DATA FOR ANALYSIS Start Marker
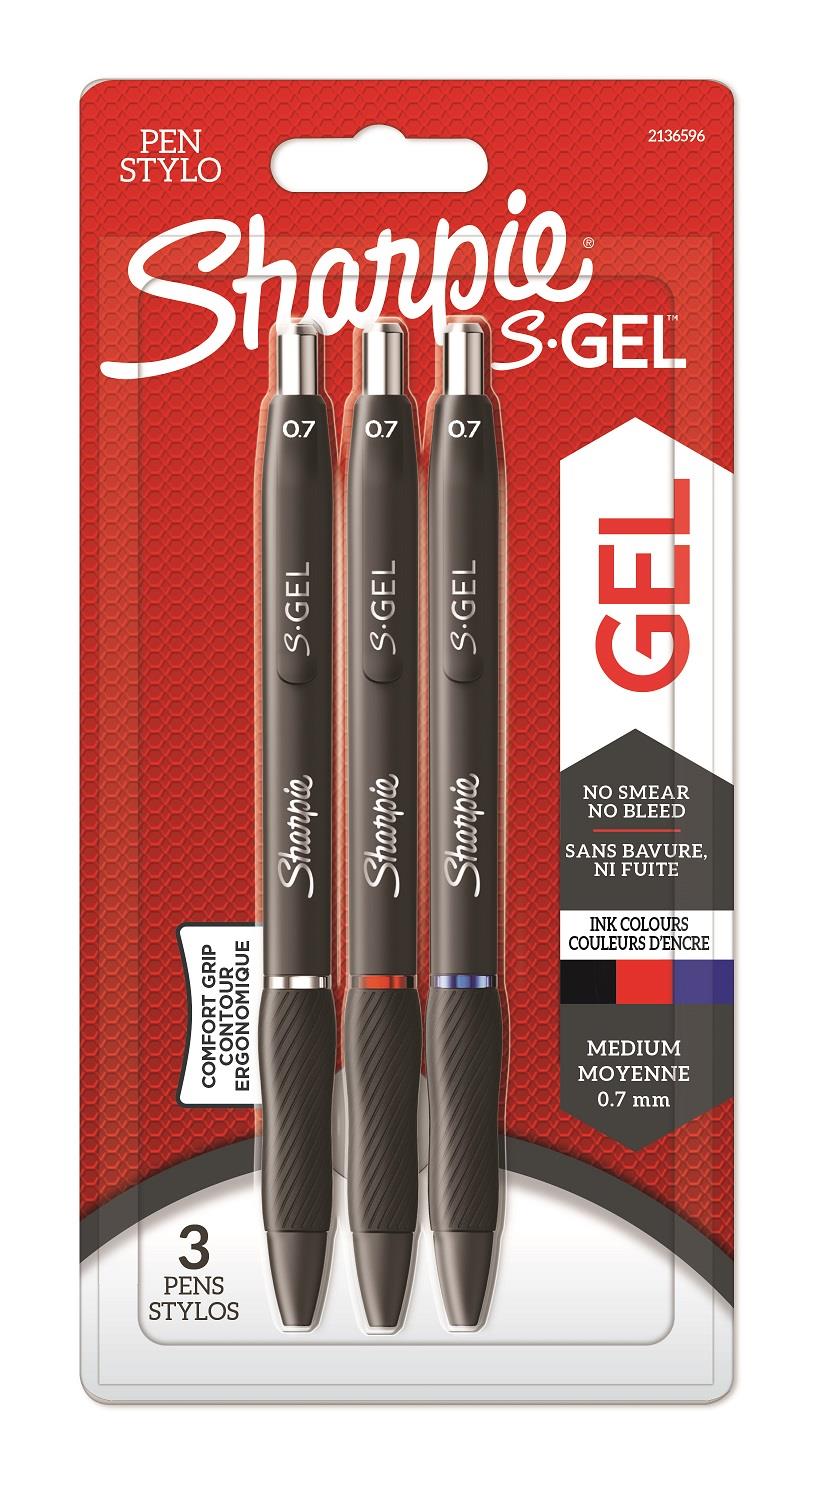 Gelové pero Sharpie S-GEL 3ks - (černé, modré, červené)
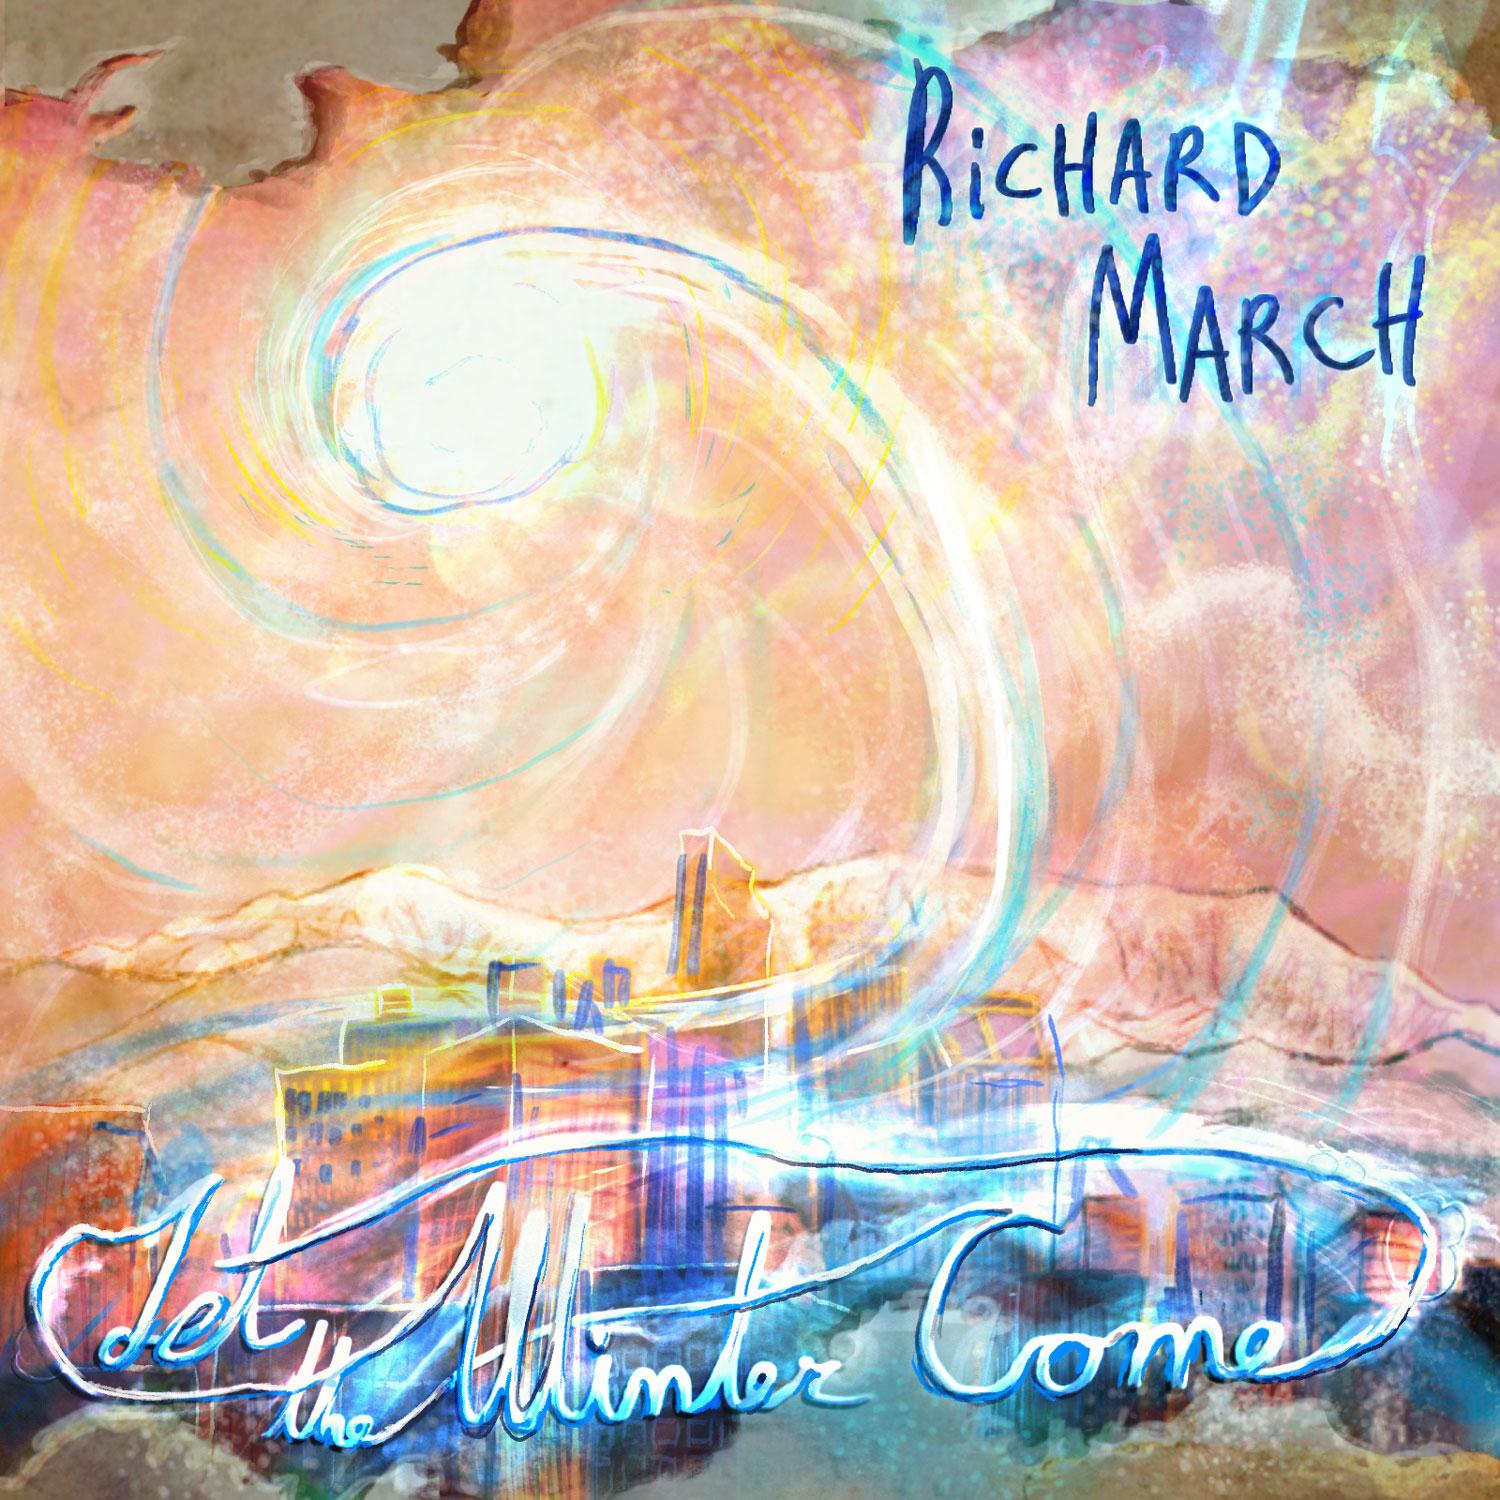 Richard March ‘Let The Winter Come’ album artwork
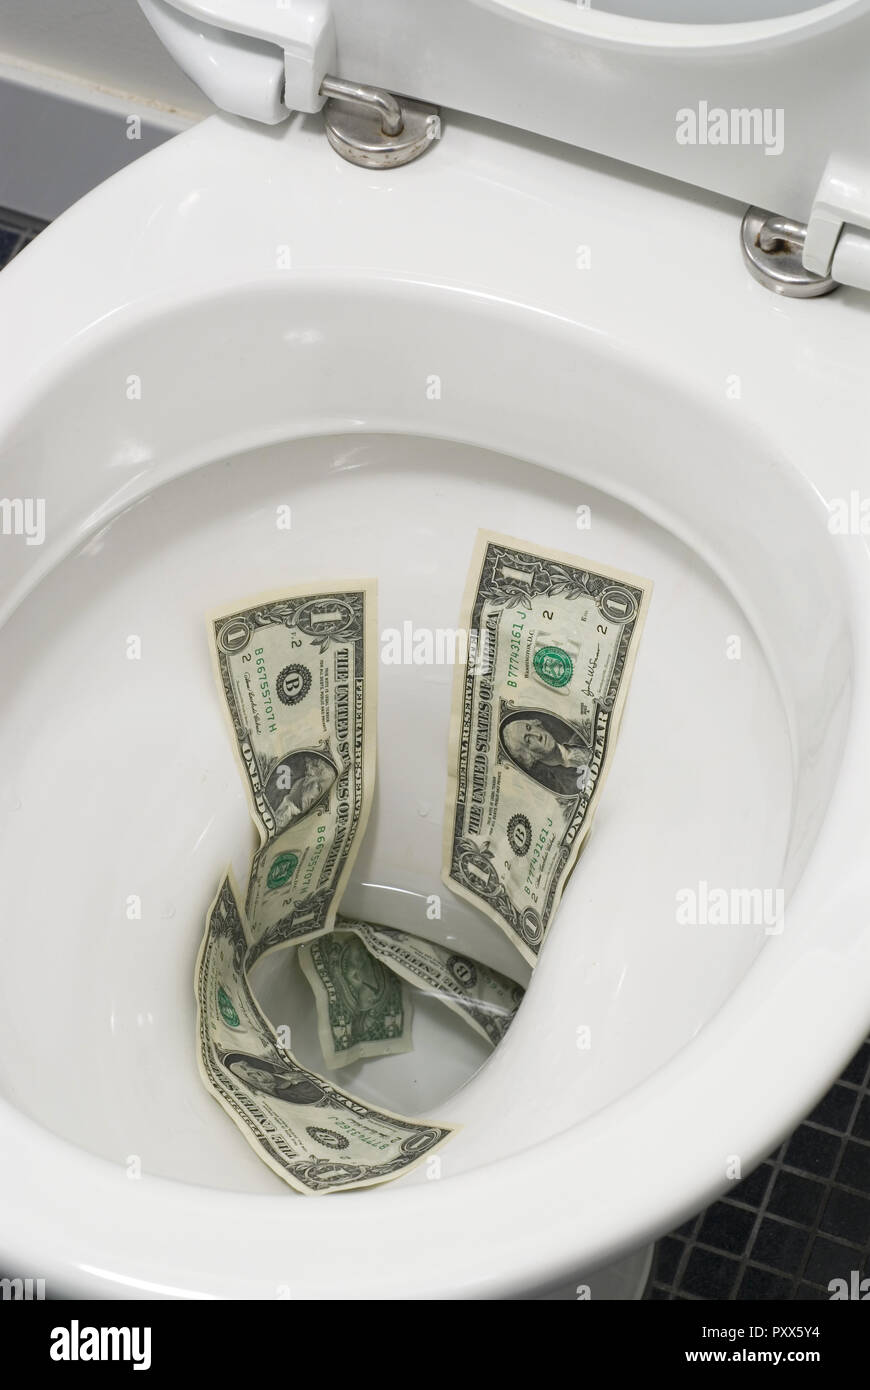 Dollar bills flushed down the toilet Stock Photo - Alamy
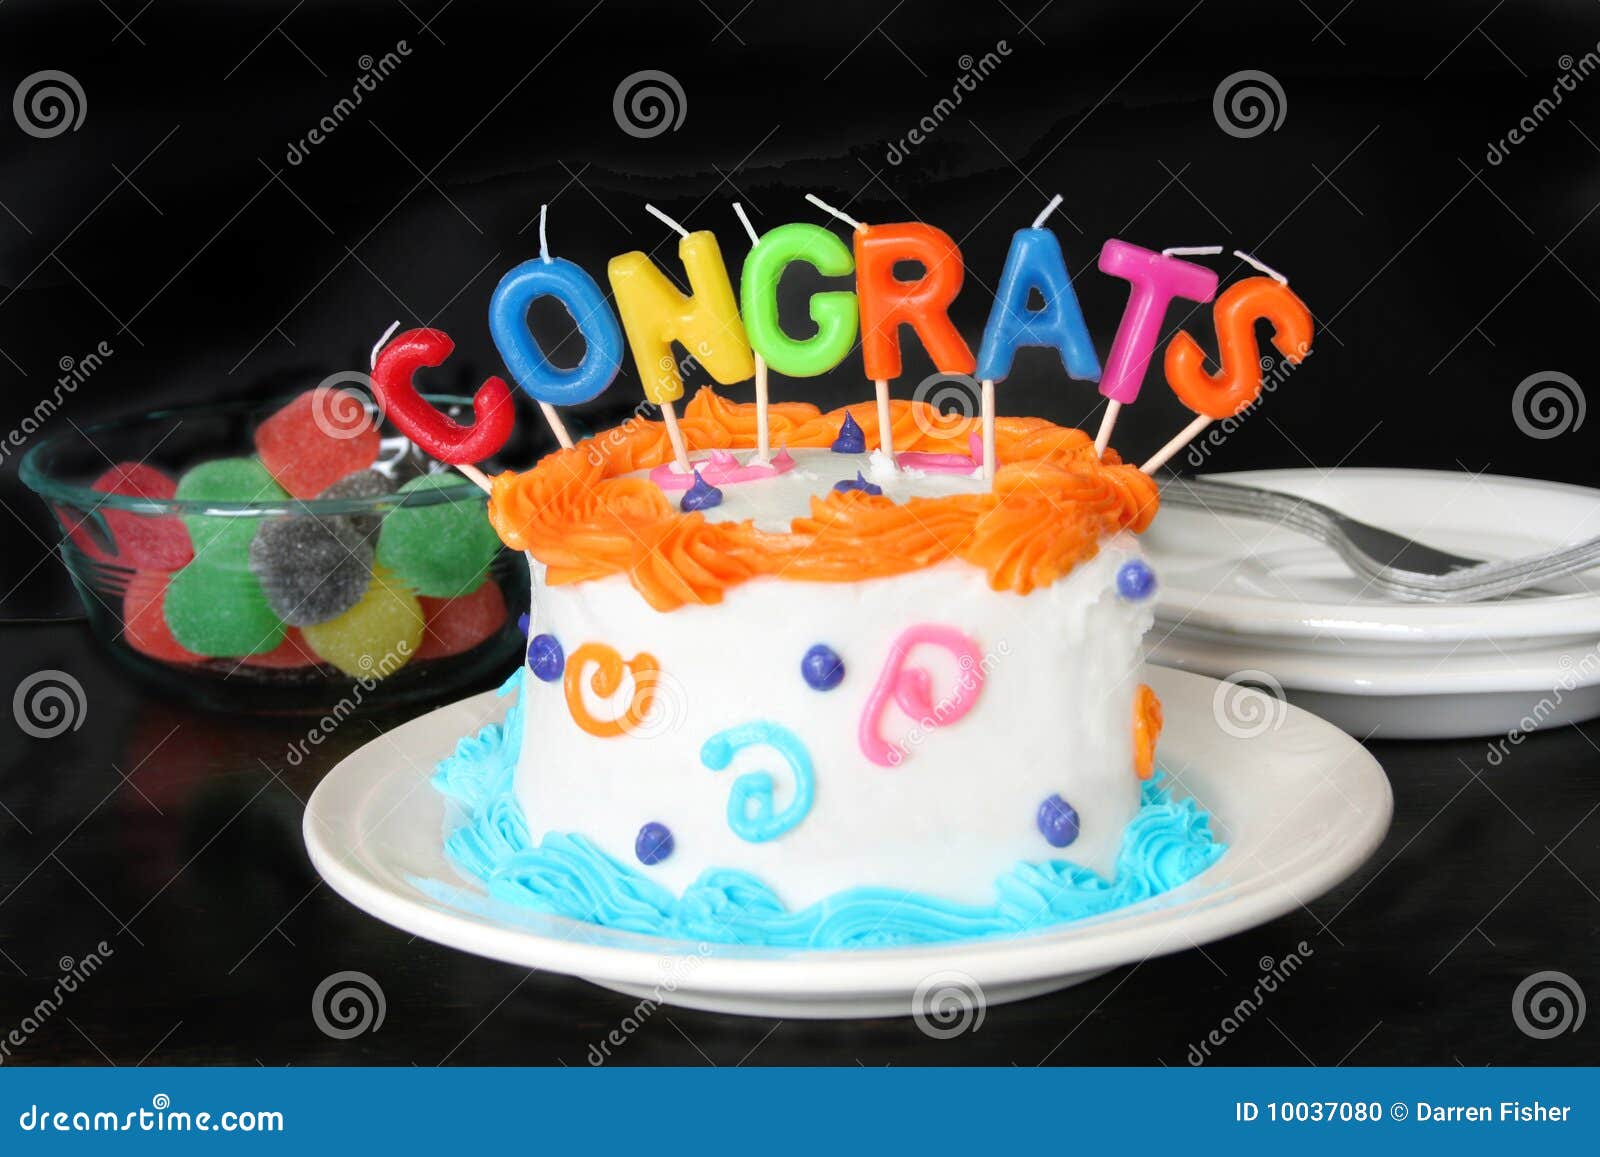 congratulation-cake-10037080.jpg
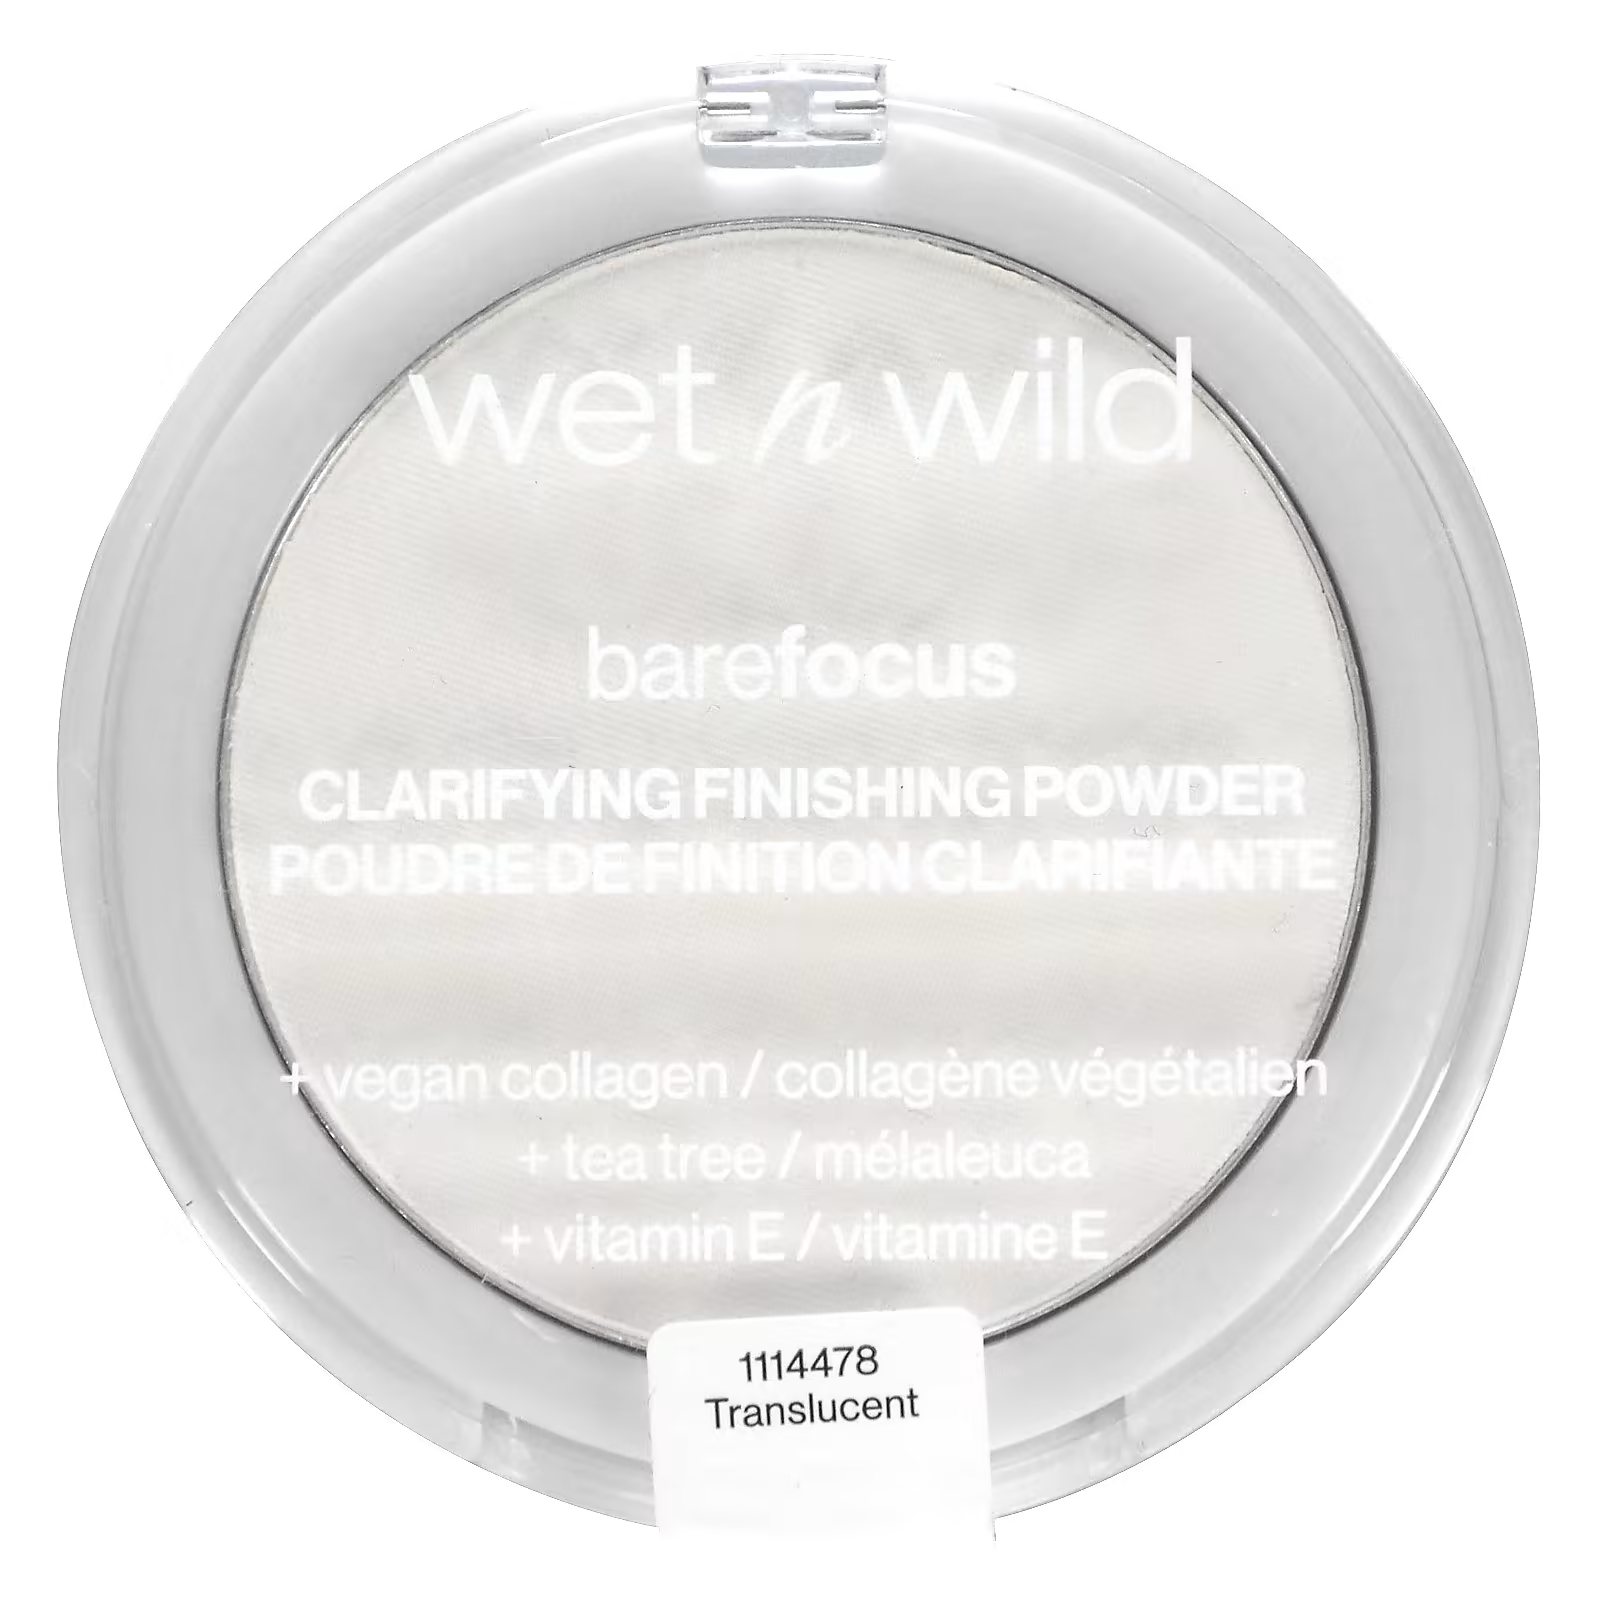 Пудра для лица Wet n Wild Barefocus Clarifying Finishing Powder Translucent
DATA FOR ANALYSIS End Marker
EXERCISE → Leave out every picture and copy the rest of the records exactly.

THE COMPLETED TASK →
 Gelové pero Sharpie S-GEL 3ks - (černé, modré, červené)
 Richard March ‘Let The Winter Come’ album artwork
 Dollar bills flushed down the toilet Stock Photo - Alamy
 congratulation-cake-10037080.jpg
 Пудра для лица Wet n Wild Barefocus Clarifying Finishing Powder Translucent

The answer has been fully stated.